You can read the thread for yourself. The original mention was about his happiness with this new woman and how much better of he was. Then posters followed up that he’d not done anything wrong and wasn’t it wonderful. 

Let me try again, I’m worn out so I may not be expressing this clearly. It is inconsistent to say that for example, Pete has sex with this hooker and people are happy he got the amazing young person sex and he’s done nothing wrong because it’s just sex, and then turn around and claim he would have a different connection if he sex with his wife. It’s not a great analogy because Pete has no love for his wife. I have heard it said many times that men use sex to “bond” with their wives and sex is special to them. Then some of those same men are claiming Pete didn’t do anything wrong because it was “just sex,” meaning that sex with hookers or stranger or other women they know while married is “just sex” and therefore the wife has no right to complain. It doesn’t work both ways. If for example I found out my H was seeing hookers, according to this thread he’s not doing anything wrong and I shouldn’t take it personally and shouldn’t end the marriage or stop being his plan b, because somehow I’m “different.” 

I was told by more than one cheating man, both in my past relationships and by husbands of friends who are regularly unfaithful exactly what I’m hearing on here: there should be no moral objection to adultery because it’s “just sex,” but sex with wives is different somehow. (Incidentally I have never seen this go the other way)

I’m exhausted and that’s as clear as I can be. If you’re married and sleeping around then your wife is no more to you than all the other women. No one has a magic *****. Sex is special or it isn’t, it can’t be both.


----------



## oldshirt (Apr 1, 2017)

LisaDiane said:


> UGH...I have to say, I am disappointed that you are misunderstanding me and seem to think that I was making an argument, when I was simply floating that as an IDEA and POSSIBILITY. And wondering what everyone thought of it.
> 
> I NEVER said that he shouldn't have visited the prostitute, so I don't know why you keep thinking that's what I meant.
> 
> Thanks for the information, but I know how prostitution works...which is why I have NO objection to it personally.


Sorry, maybe I'm not connecting all the dots on what you're asking. 

I don't think you're saying he shouldn't have visited the prostitute, I know you're not doing that. 

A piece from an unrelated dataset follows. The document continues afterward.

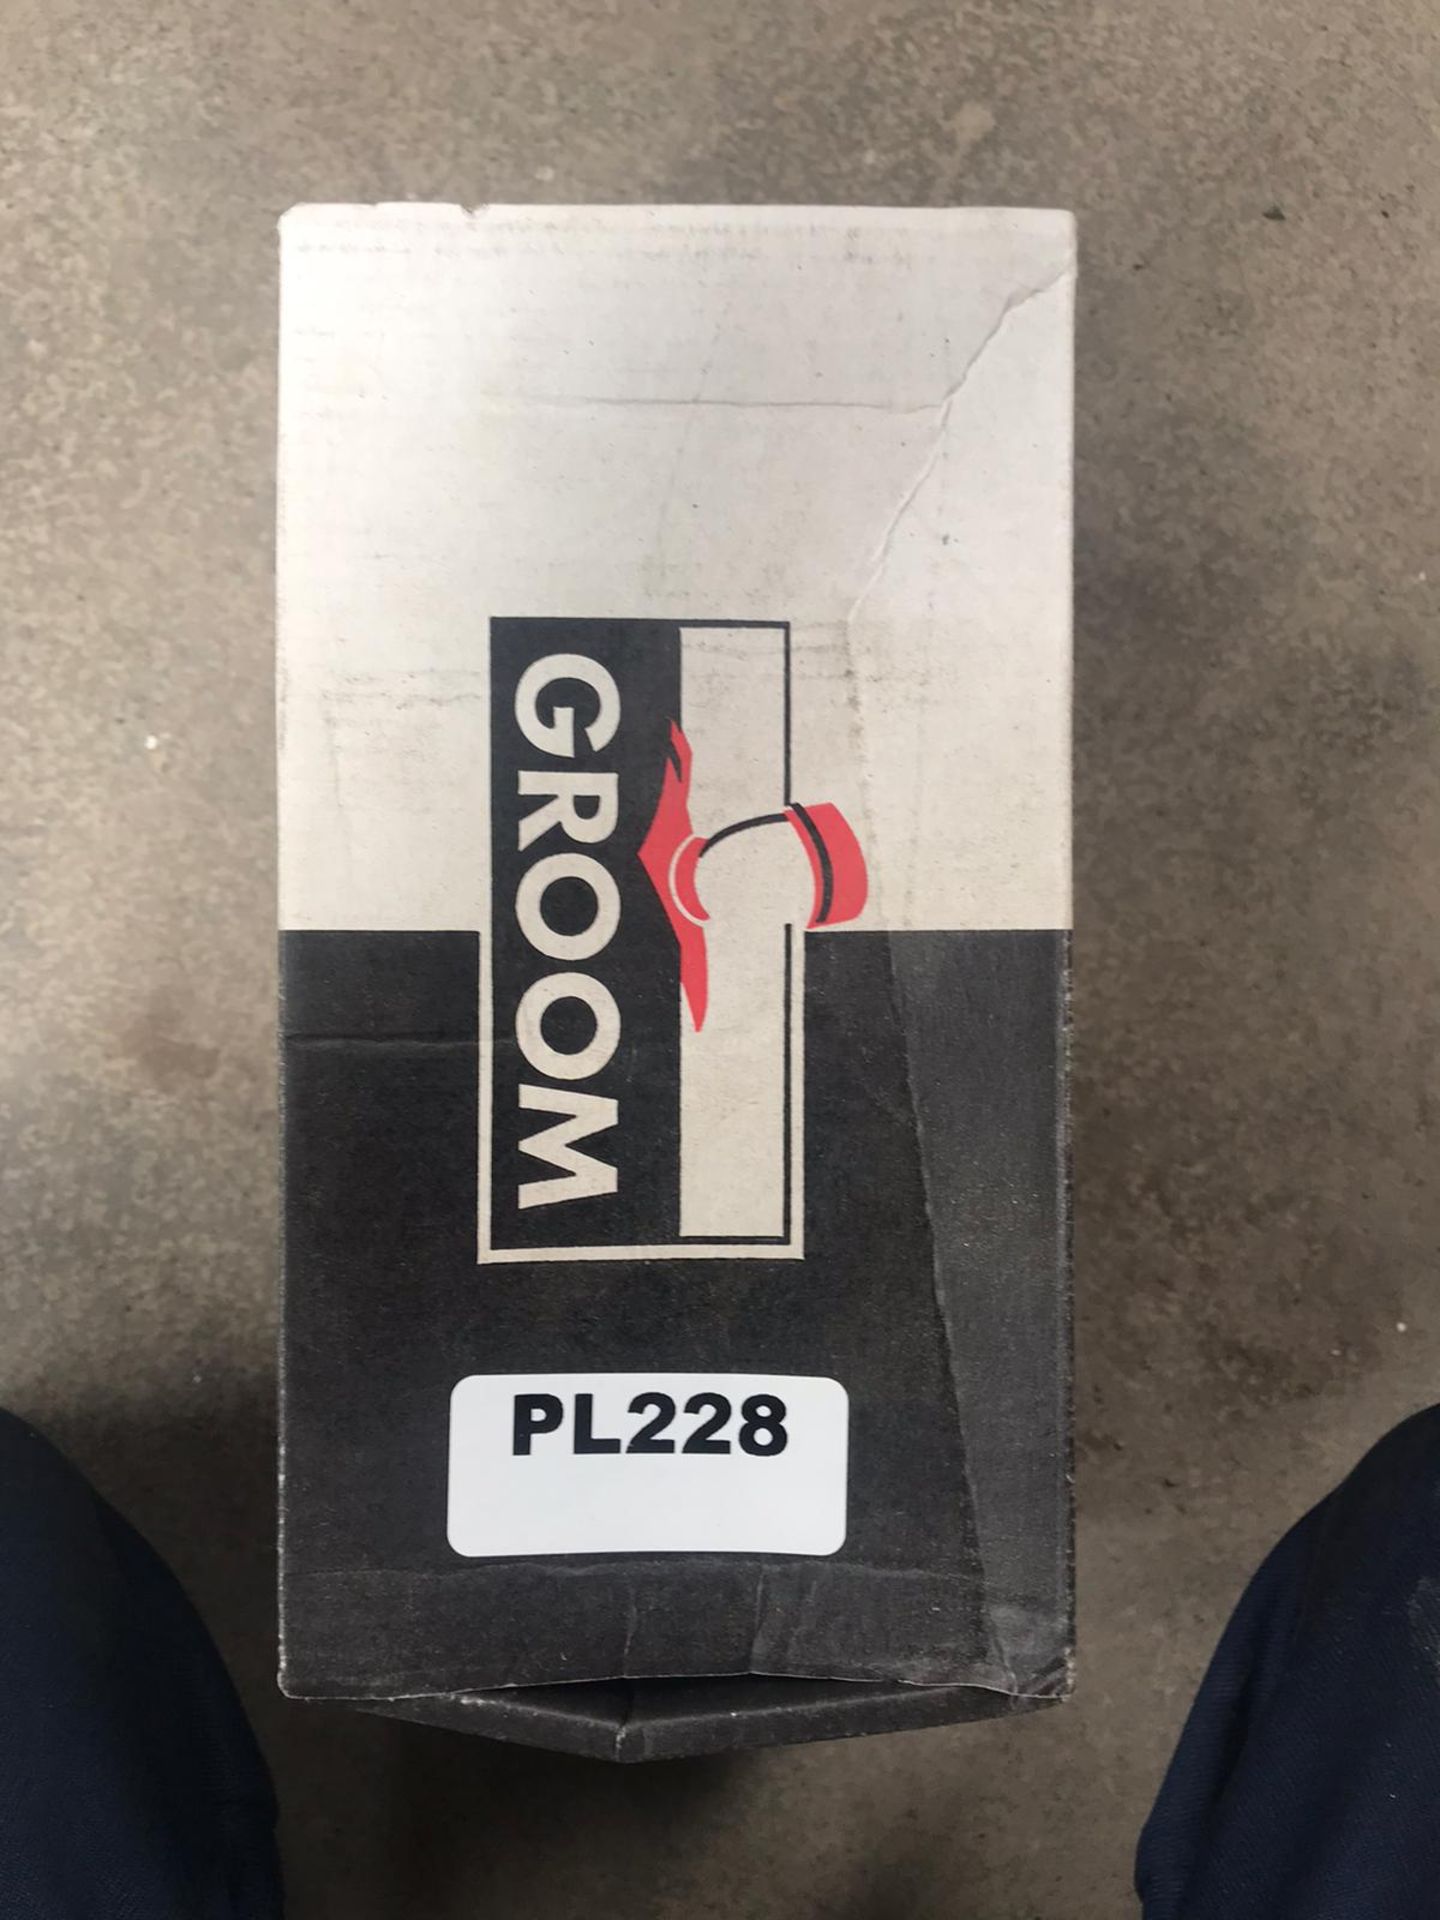 2 x Groom Floor Pivot and Door Closer - New Stock - Location: Peterlee, SR8 - - Image 2 of 4

I was trying to address your assertion(question?) that Pete was somehow contributing to her future sexual dysfunction and that is too nebulous of a concept for me to fully address. We're talking about a voluntary, mutual contract between consenting adults so discussing the emotional ramifications of that 20 years from now is just too much. We not talking about abuse or exploitation here.


----------



## DownByTheRiver (Jul 2, 2020)

DudeInProgress said:


> I don’t understand why this is hard for you.
> 
> Yes, sex is a lustfull physical desire which may or may not involve a deep emotional connection.
> And also…
> ...


Because that notion is constantly contradicted on this forum. Often by men who think their wives ought to pretend to be into it when they're pressured to give duty sex.


----------



## TexasMom1216 (Nov 3, 2021)

DownByTheRiver said:


> Because that notion is constantly contradicted on this forum. Often by men who think their wives ought to pretend to be into it when they're pressured to give duty sex.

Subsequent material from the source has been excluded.